# Fernsteuerung?!



## Florianrau (2. April 2004)

Hallo zusammen ich habe vollgendes Prob

ich möchte meine Rolläden Zuhause fernsteuern übers Internet.
Das Ganze soll von meiner Arbeit aus funktionieren
Wie könnte ich das realiesieren 
Die Rolläden steuere ich zur Zeit von meinem PC zuhause
Mein Internetzugang ist ein dsl Flat mit dyn IP

Ich bedanke mich im vorraus und hoffe auf euere Hilfe


----------



## Sinac (2. April 2004)

Wenn du die eh schon vom PC aus steuern kannst ist das doch kein Problem,oder?
z.B. mit VNC, dann kommst du über die dynamische Domain auf deinen Rechner
und kannst arbeiten als ob du davor sitzen würdest.

Greetz...
Sinac


----------



## Tim C. (2. April 2004)

Wie Sinac schon erwähnte wird VNC wohl die passende Möglichkeit sein. Wird allerdings nur funktionieren, wenn du auf der Arbeit nicht rigoros alle Ports bis auf Port 80 für normalen HTTP Verkehr geperrt hast, da VNC min. 2 Ports braucht.

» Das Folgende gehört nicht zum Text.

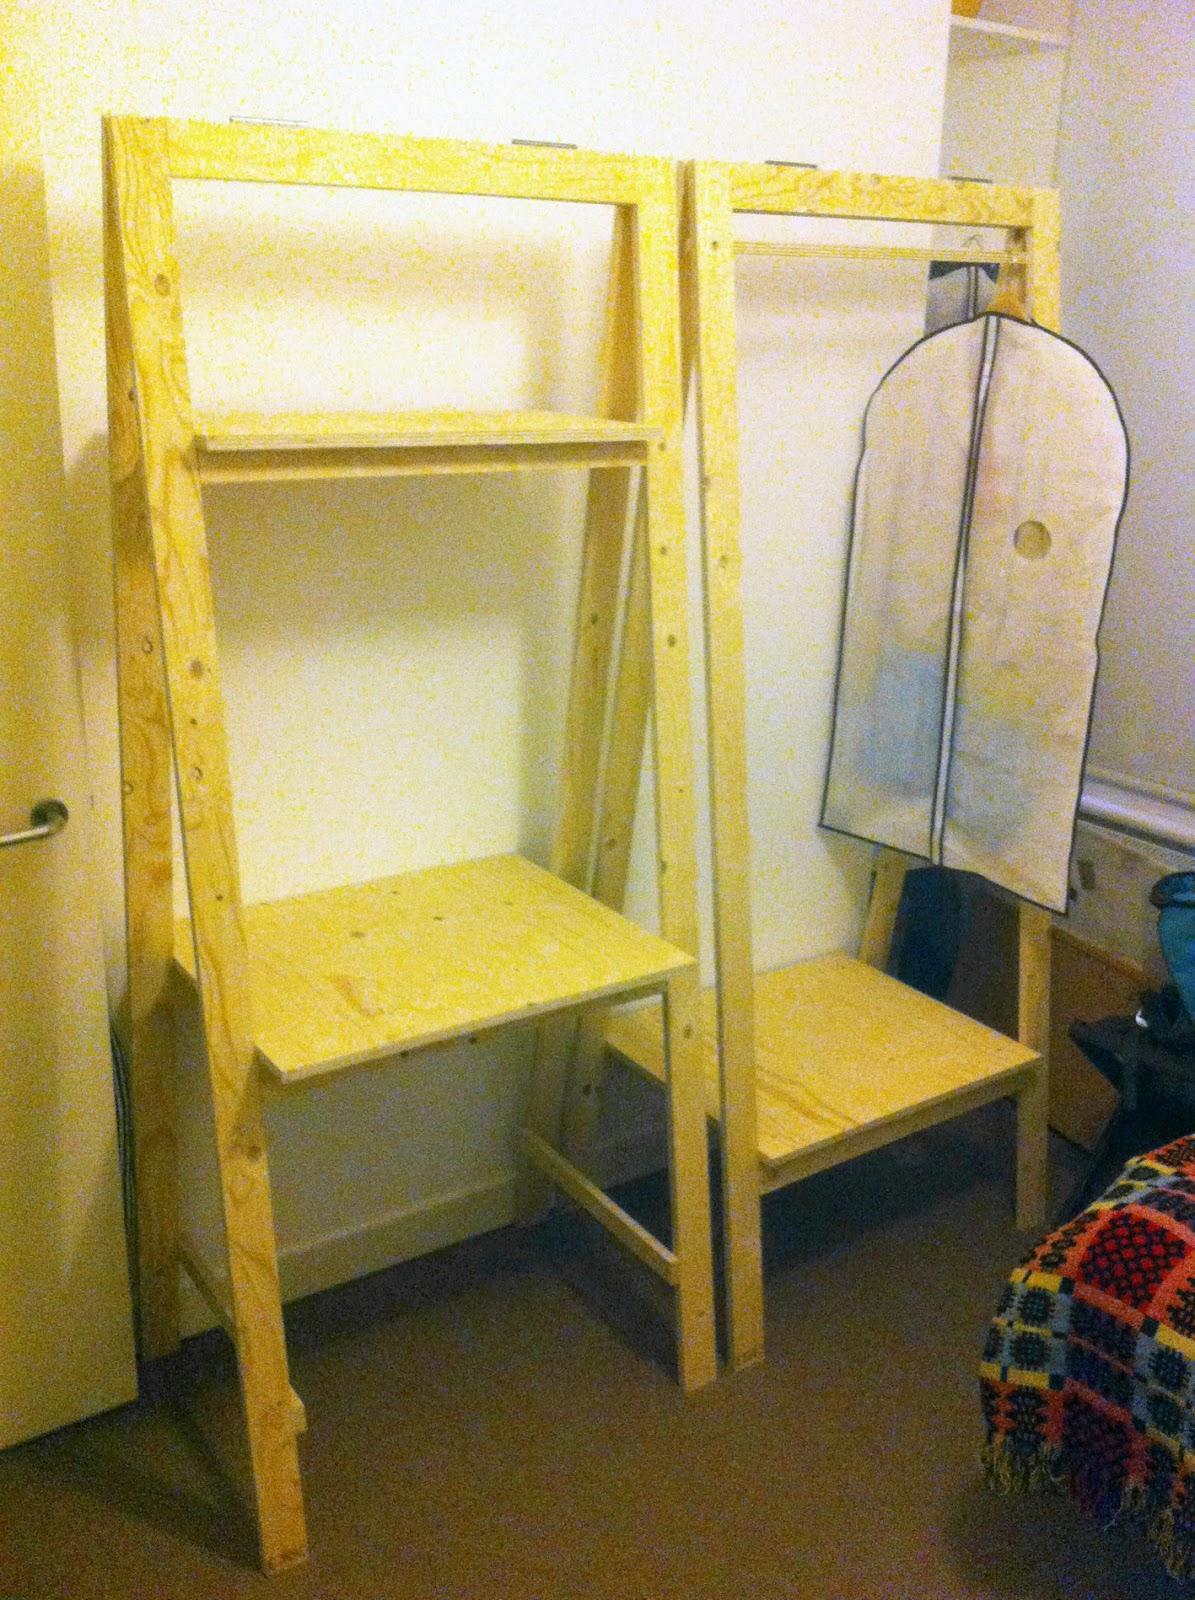 Jamesblaze Flat Pack Free Standing Bedroom Furniture
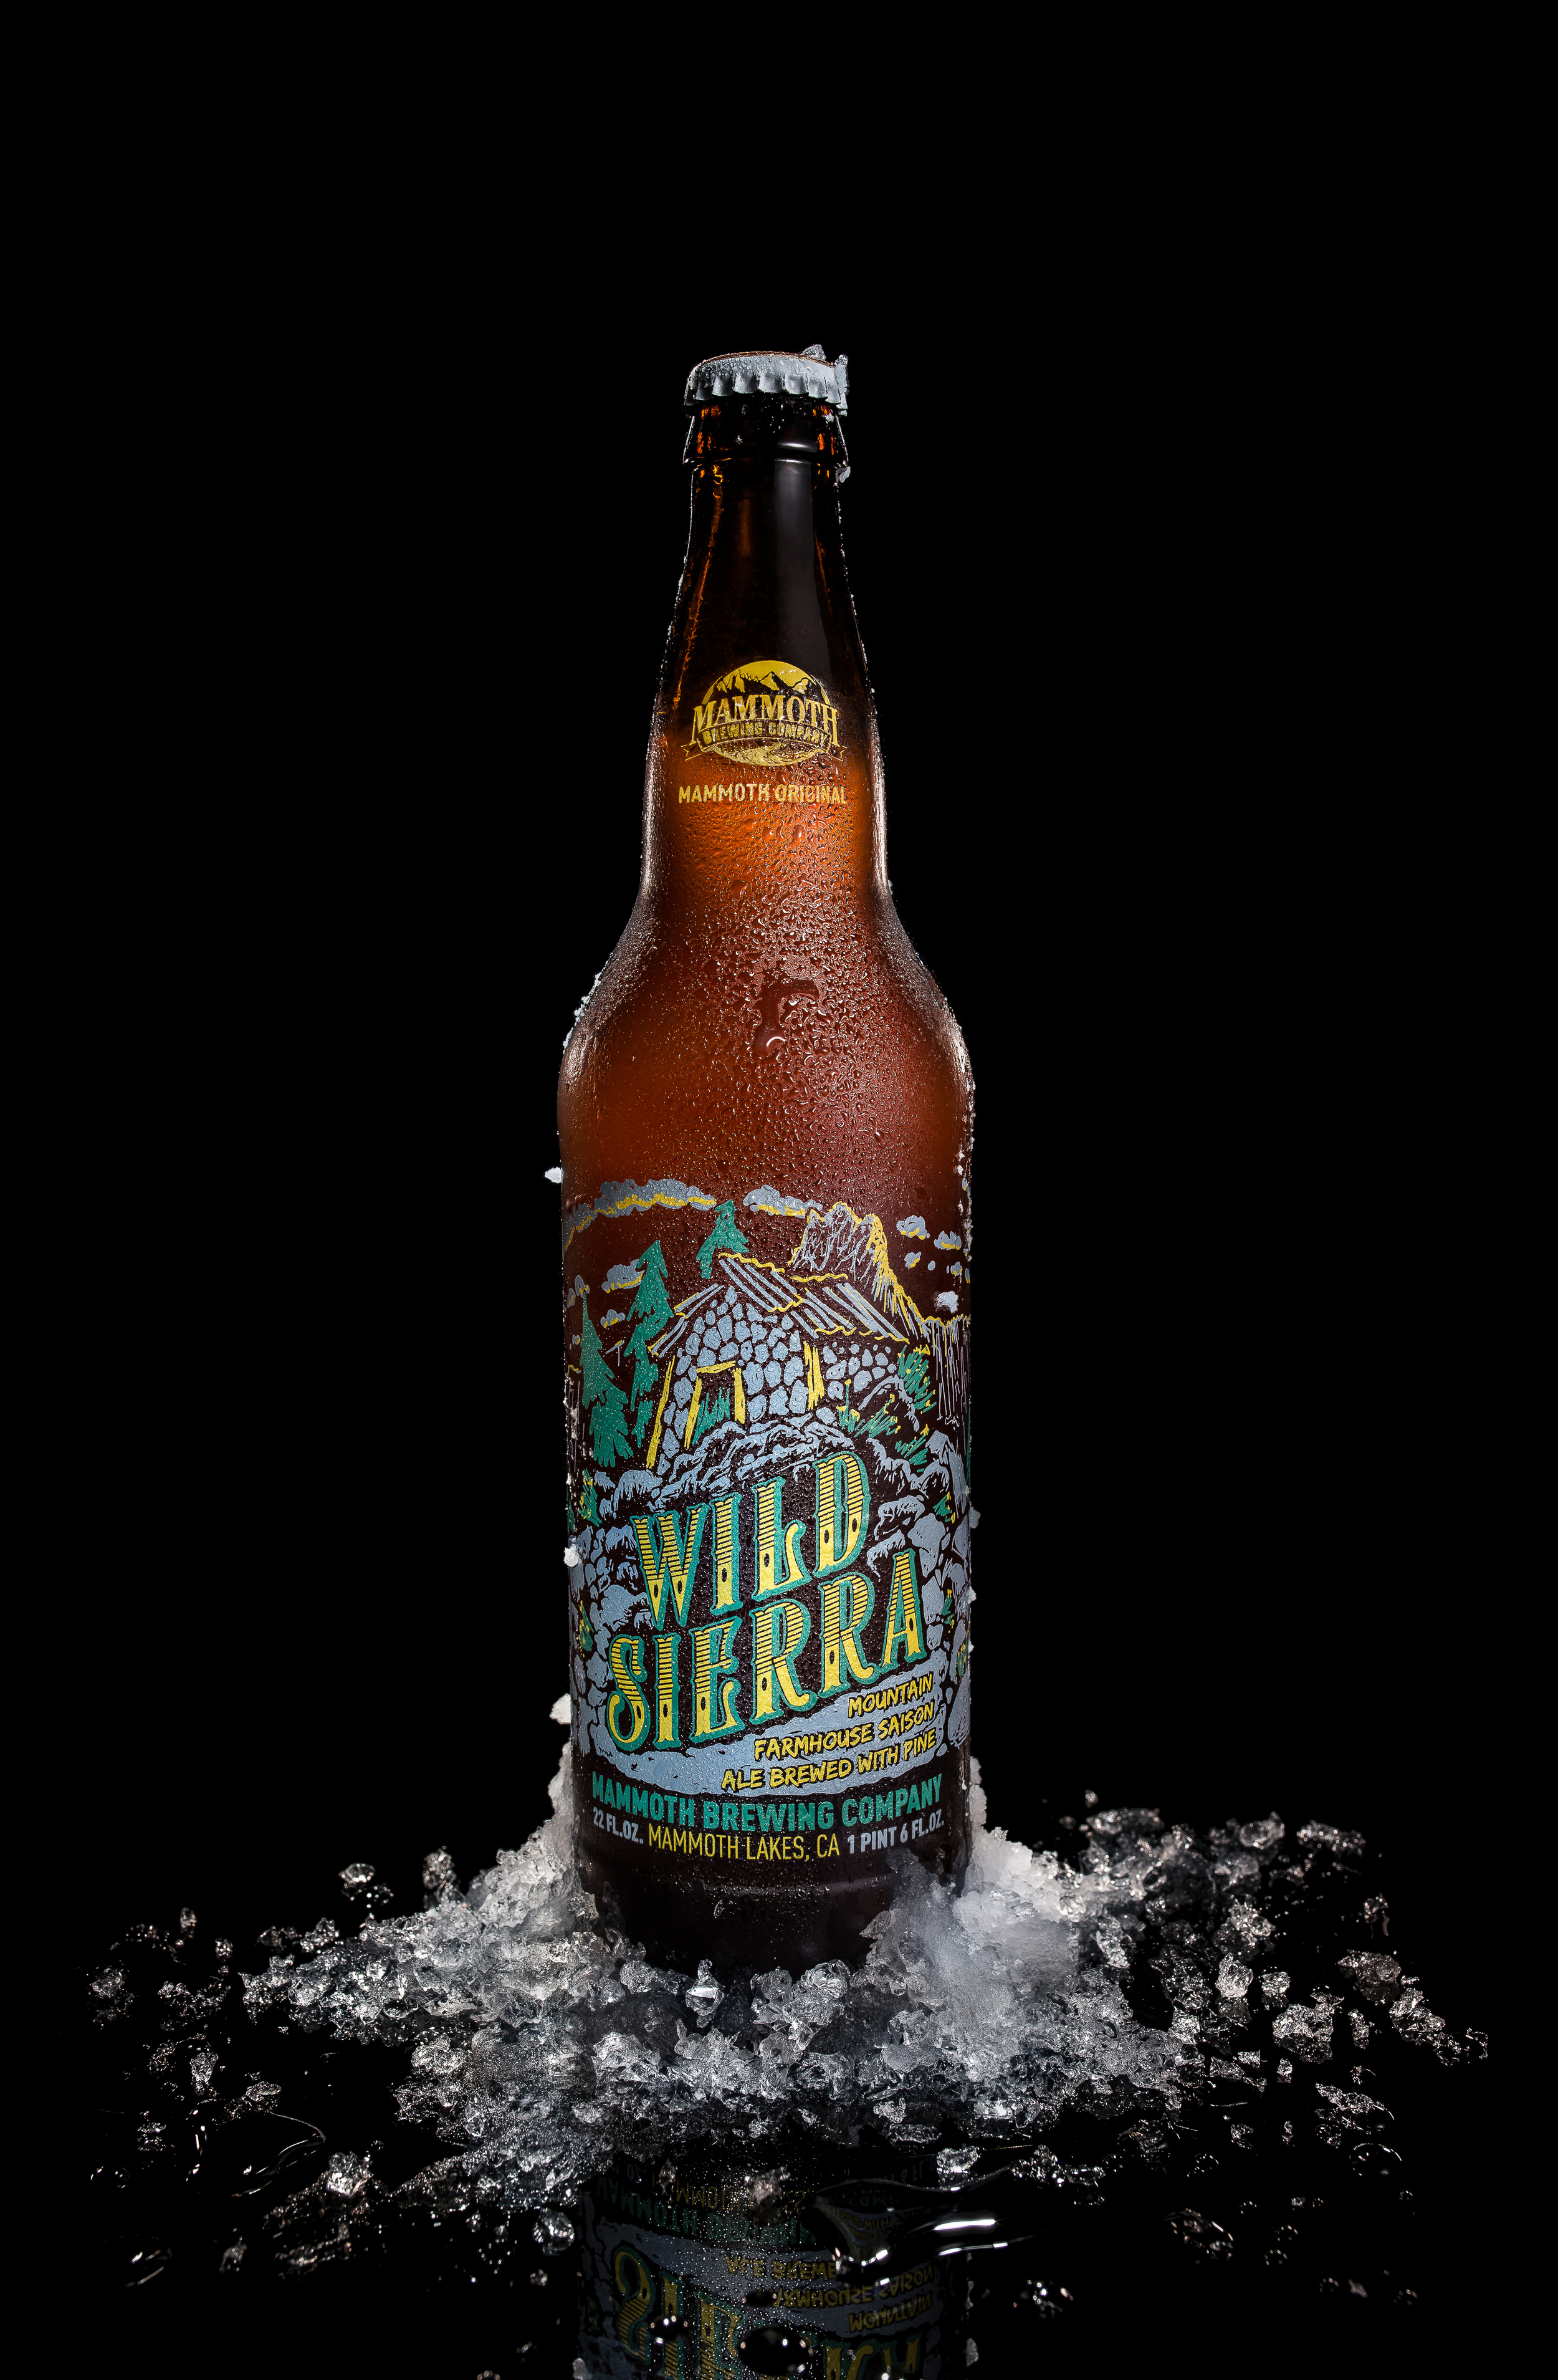 Mammoth-Brewery-Wild-Sierra-Final.jpg

Eine mögliche Software Lösung wäre z.B. TightVNC. Ist Freeware und sowohl für Linux als auch für Windows zu haben und außerdem Cross OS kompatibel, das heisst du kannst von einem Windows Client auf einen Linux Server zugreifen (zumindest theoretisch  ).


----------



## Florianrau (2. April 2004)

Danke das ist genau was ich gesucht habe und es funktioniert 

MFG   Florian


----------



## Sinac (2. April 2004)

> _Original geschrieben von Tim Comanns _
> *...und außerdem Cross OS kompatibel, das heisst du kannst von einem Windows Client auf einen Linux Server zugreifen (zumindest theoretisch  ). *



Wieso theoretisch, hattest du mal Probleme damit? Bei mir läuft das immer ohne
Probleme mit RealVNC und dem RBF Server und umgekehrt.

Greetz...
Sinac


----------



## Tim C. (2. April 2004)

> _Original geschrieben von Sinac _
> *Wieso theoretisch, hattest du mal Probleme damit? Bei mir läuft das immer ohne
> Probleme mit RealVNC und dem RBF Server und umgekehrt.
> 
> ...


Ich hatte mal probleme bei Tight VNC und connecten von Windows nach Linux. Da war die X-Server Darstellung nicht so der Bringer sprich ich hatte wirklich eine rohe X-Server Oberfläche vor mir mit einem Terminal aber der Windowmanager, der eigentlich lief, war nicht zu sehen. Kann aber auch konfigurationsbedingt gewesen sein.


----------